A bullet of 10 g of mass and 1000 m/sec of velocity travels upward colliding a block 0f 5 kg of mass at rest. The bullet passes through center of mass of the block. Assume that very short time is needed during the collision.

a) Find the velocity of the block after collision, if the velocity of the bullet as it leaves the block is 400 m/sec !

b) Find the maximum heigth of the block! c) Find the loss of origin kinetic energy in this collision!

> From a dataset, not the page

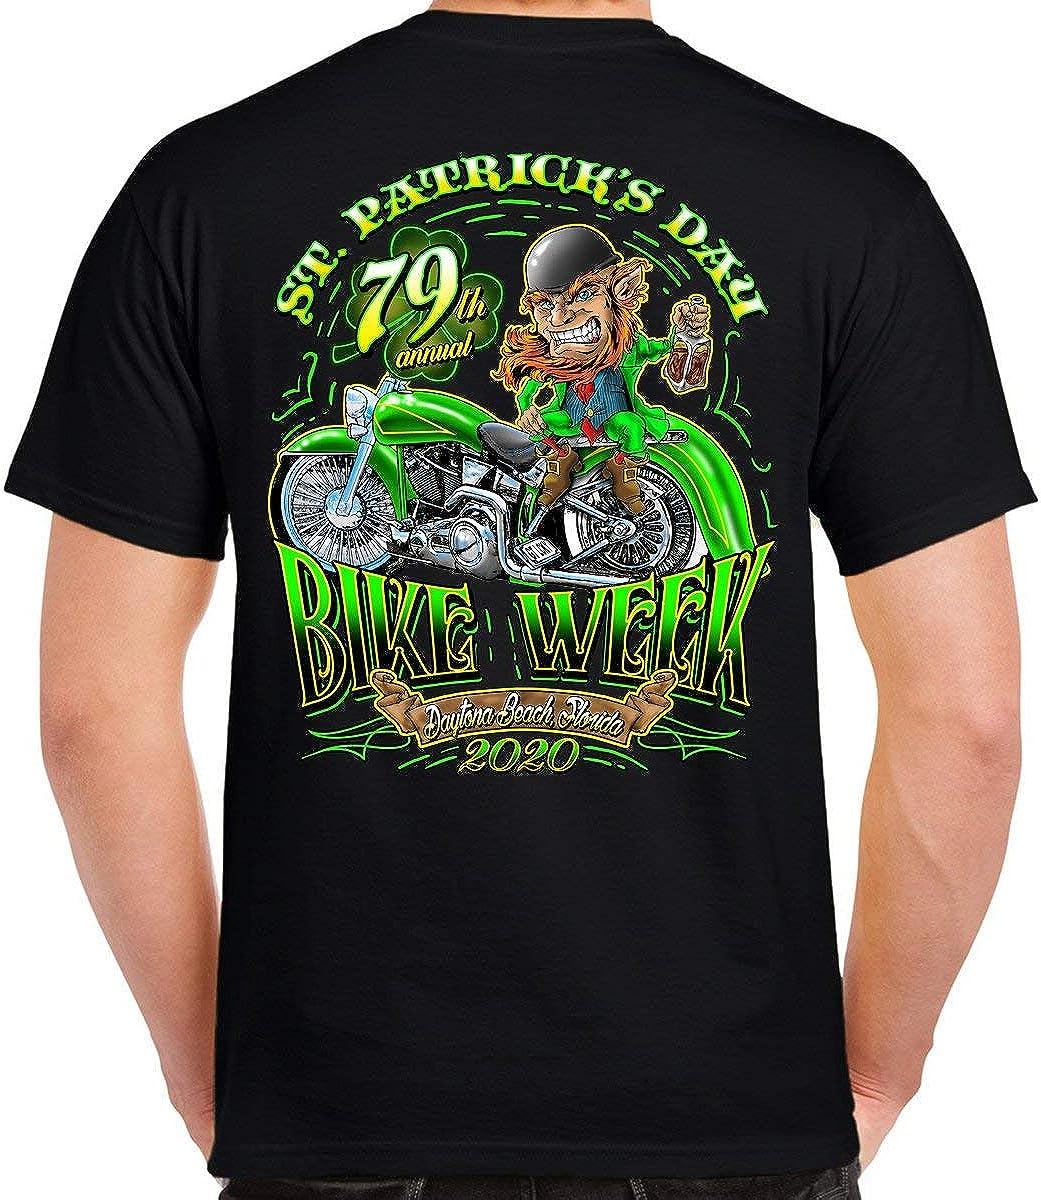 2020 Bike Week Daytona Beach St. Pattys T-Shirt

Use the acceleration due to gravity g = 10 m/s2. (Source: OSN 2008 District Selection /Indonesian Physics Olympiad)

 

Solution

a) The data bullet mass mp = 10 g = 0.01 kg block mass mb = 5 kg block velocity before collision vb = 0 m/s bullet velocity before collision vp = 1000 m/s bullets velocity after collision v'p = 400 m/s Using the conservation of linear momentum law we get: mpvp + mbvb = mpv'p + mbv'b (0.01)(1000) + (5)(0) = (0.01)(400) + (5)(v'b) 10 = 4 + 5v'b v'b = 6/5 = 1.2 m/s.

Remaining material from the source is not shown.